Slowly, some of his old facility returned. In the late 1990s, Green started a new band, called the Splinter Group. He recorded an acoustic album, The Robert Johnson Songbook, in 1998, and a few other albums.

He went on low-key tours of Europe and the United States, looking nothing like his old self. Once slender, with dark, curly hair and a moustache, he had become bald, clean-shaven and portly. He often strummed rhythm guitar while others performed the majestic solos he had been known for in earlier years.

In interviews, he was gentle, self-effacing and rambling.

“I was very critically ill for a while there, you might say,” he told the Los Angeles Times in 1998. “I’m not really back yet.”

Peter Allen Greenbaum was born on 29 October 1946 in London. His father was a tailor who later worked for the postal service. The family adopted the name Green in the late 1940s.

While growing up in a working-class area, Green was often subjected to antisemitic taunts. He became engrossed in music at age 10, after an older brother brought home a guitar.

By 15, Green had left school to become an apprentice butcher, but his real focus was on music, inspired by blues and early rock and roll. He played bass and guitar in several bands before joining Mayall’s Bluesbreakers in 1966. A year later, with Mayall’s blessing, Green invited Fleetwood and later McVie to leave the Bluesbreakers and form Fleetwood Mac.

Over the years, Fleetwood Mac changed personnel and their musical style, becoming more of a pop-oriented band with two female singers, Stevie Nicks and Christine McVie. They became one of the most successful groups of the 1970s and 1980s, selling more than 100 million records. When Fleetwood Mac was named in the Rock and Roll Hall of Fame in 1998, Green was present for the ceremony but did not perform.

Survivors include a daughter from his marriage to Jane Samuels, which ended in divorce, and a son from another relationship.

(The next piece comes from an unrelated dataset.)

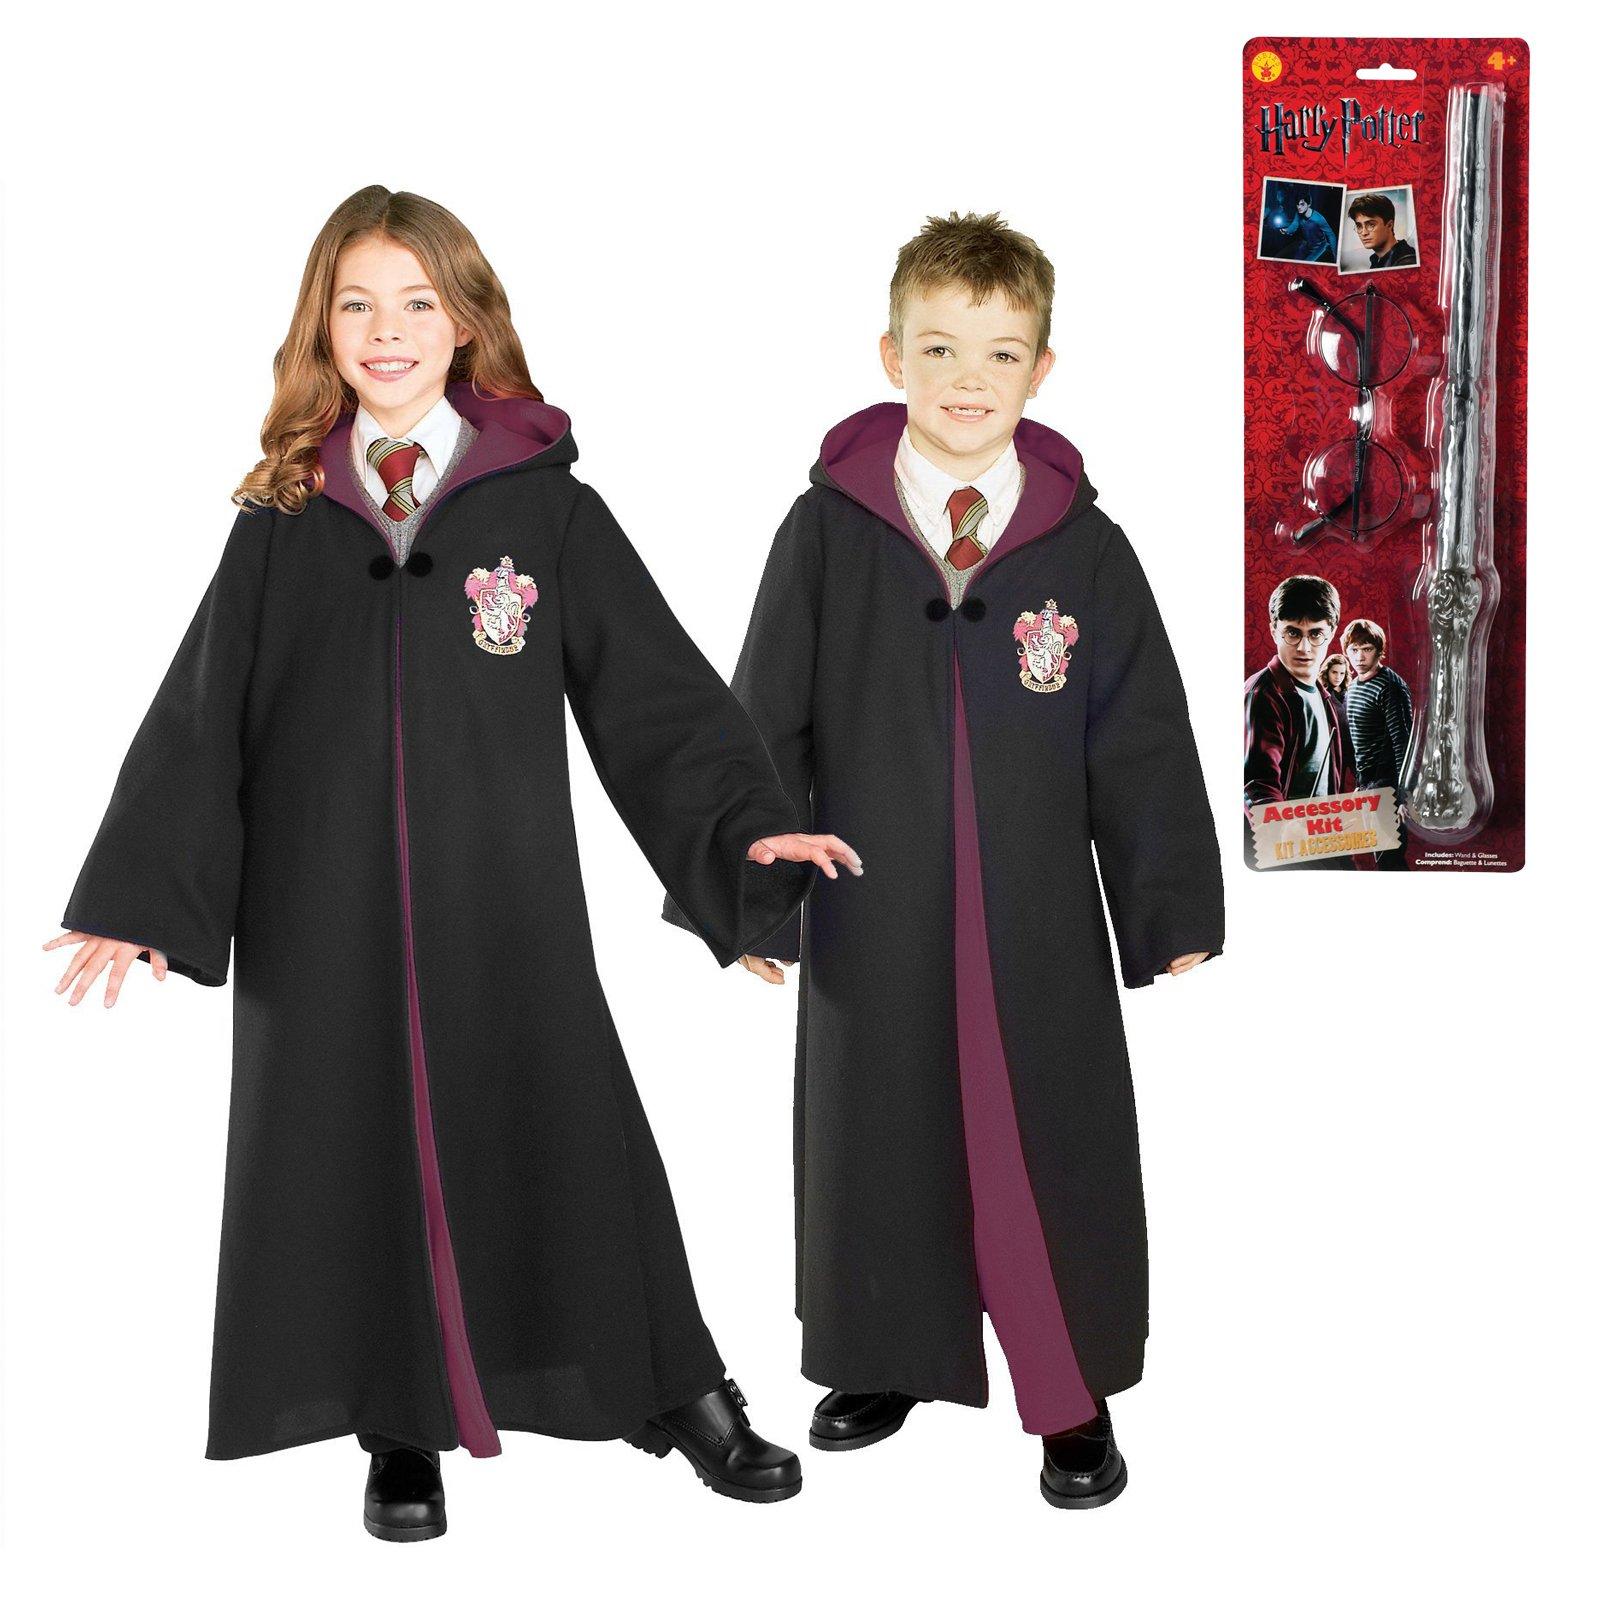 Harry Potter Gryffindor Robe Glasses and Wand Child Costume Bundle Set Medium by BirthdayExpress

For years, Green remained a subject of enduring mystery and tragedy. He seemed to be a cautionary tale of the rock-and-roll life, like the burnout cases of Pink Floyd’s Syd Barrett or the Beach Boys’ Brian Wilson.

Musician and writer Martin Celmins published a biography of Green in 2003, and the BBC produced a documentary about his life in 2009.

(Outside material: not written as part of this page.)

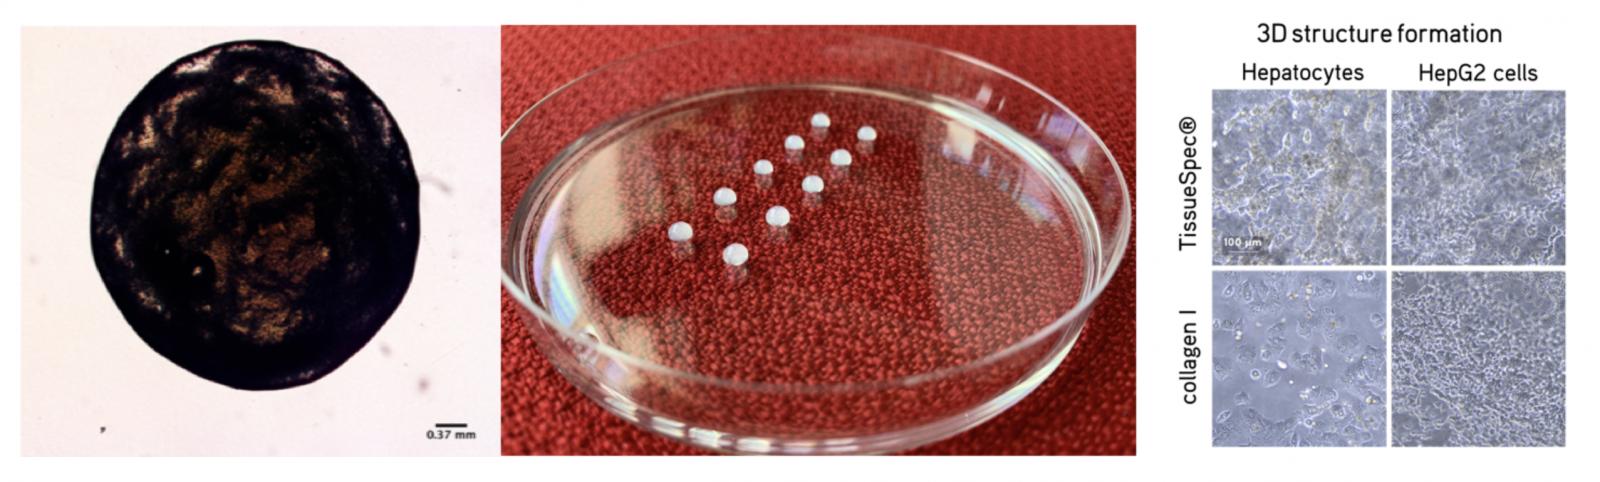 Bioprinting Liver Tissue

After 2010, Green stopped performing in public. When Mick Fleetwood produced a star-studded London tribute concert in Green’s honour in February, he did not attend.

“I’ve been kind of dead for a long time,” Green said in 1998. “I couldn’t function at all. I really haven’t got it all together yet, but I’m working on it. I certainly feel a lot better when I play music, however.”